UK kicks off packaging EPR scheme

UK kicks off packaging EPR scheme featured image

The UK Government has formally launched an extended producer responsibility (EPR) scheme for packaging with a £1.1 billion (EUR 1.27 billion) fund to boost collection and sorting infrastructure.

The EPR scheme works by charging fees to businesses that use packaging to meet the costs of collecting and recycling it. The costs will be higher for hard-to-recycle materials and less where packaging can be reused or refilled.

As a result, it is expected businesses will reduce the amount of packaging they use, shift to more recyclable materials and design new products that can be recycled and reused more easily, while stopping waste from going to landfill or incinerators.

Jobs boost

Politicians expect the investment, part of a ‘Plan for Change’ policy, to unlock regional growth, create new green jobs across the country and boost household recycling rates which have flat-lined for years.

The money could be spent on offering local residents more streamlined recycling collections, building new infrastructure or covering the costs of upgrading facilities where councils send household waste.

Circular Economy Minister Mary Creagh said the government was cleaning up Britain and ending the throwaway society.

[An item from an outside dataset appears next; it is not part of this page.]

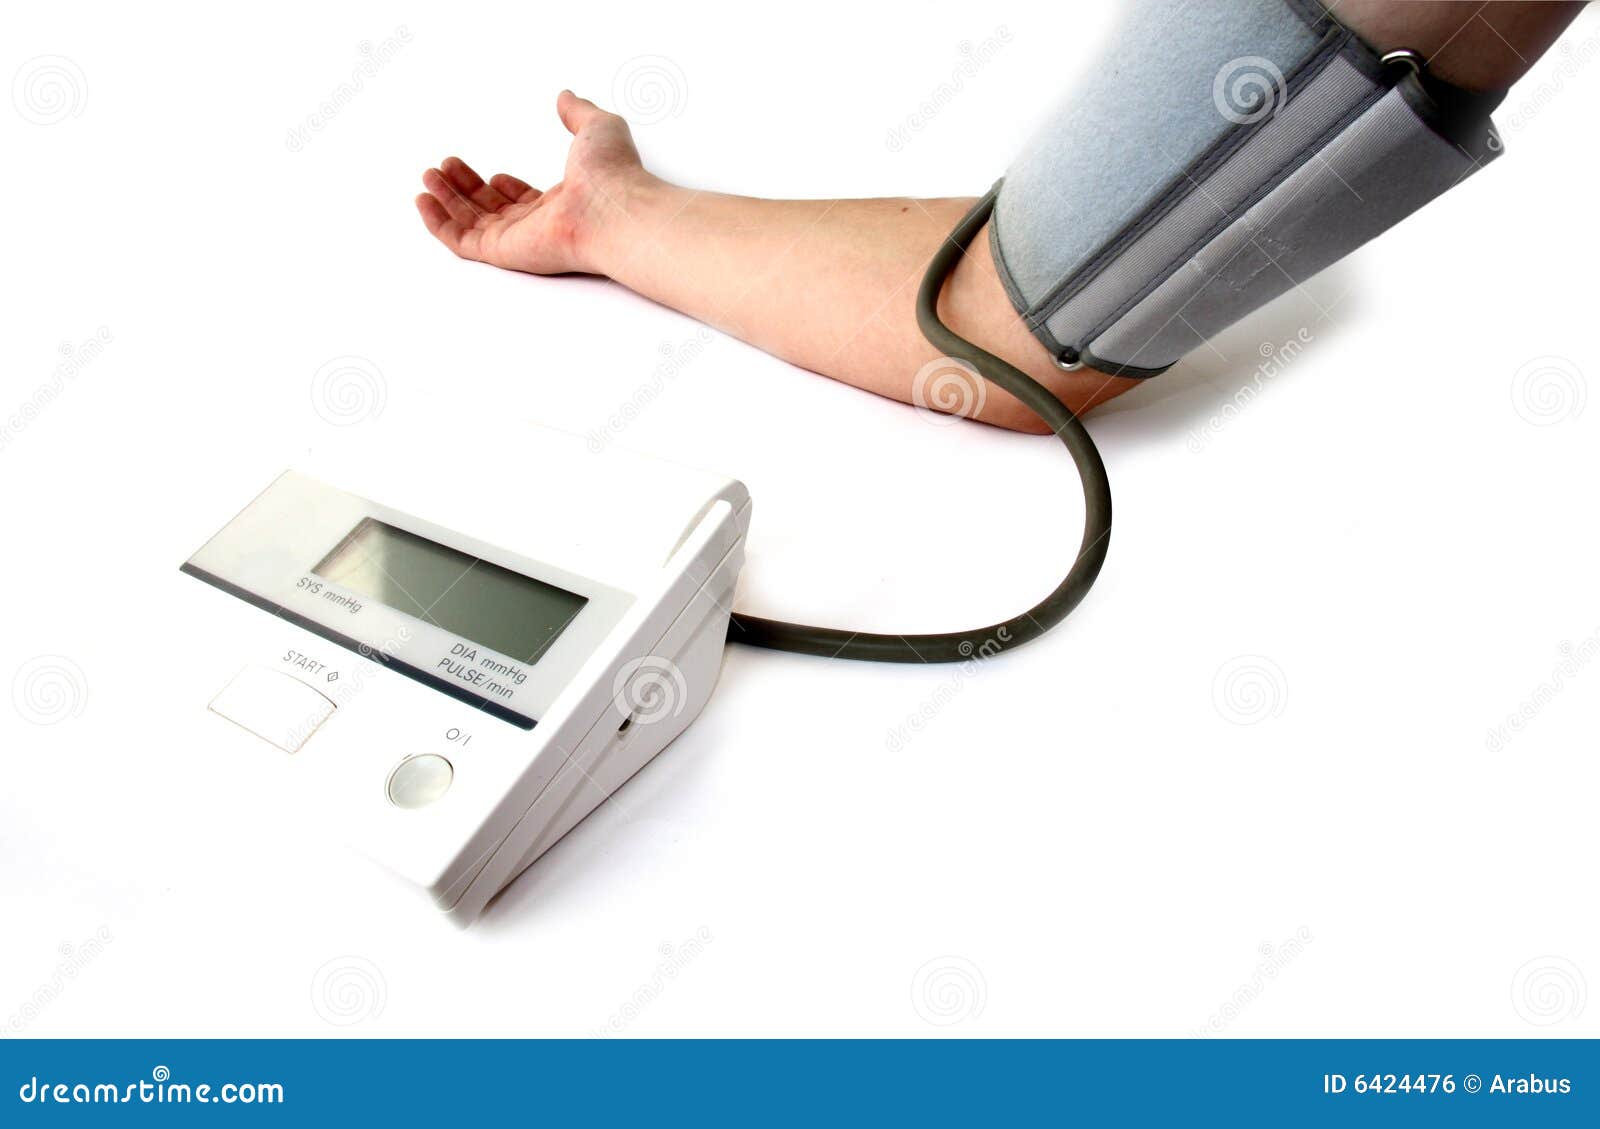 free clipart of blood pressure cuff - photo #49

‘Under the Plan for Change, we are pumping more than £1 billion into local recycling services. This will revolutionise how we deal with our waste and ensure more of today’s rubbish is recycled into tomorrow’s packaging.’

Strategic approach

Councils face losing future allocations from the fund if an official body overseeing the scheme says the cash has been used for other purposes.Alongside EPR for packaging, the government is introducing a deposit return scheme in 2027.

Meanwhile, ‘Simpler Recycling’, hailed as ‘a sensible and pragmatic approach to the collection of materials from households and workplaces’, went live in March 2025 and launches for households in March 2026.

Additionally, a Circular Economy Taskforce is working with industrial sectors to create a series of roadmaps to improve and reform the approach to using materials, underpinned by a Circular Economy Strategy which will be published in autumn.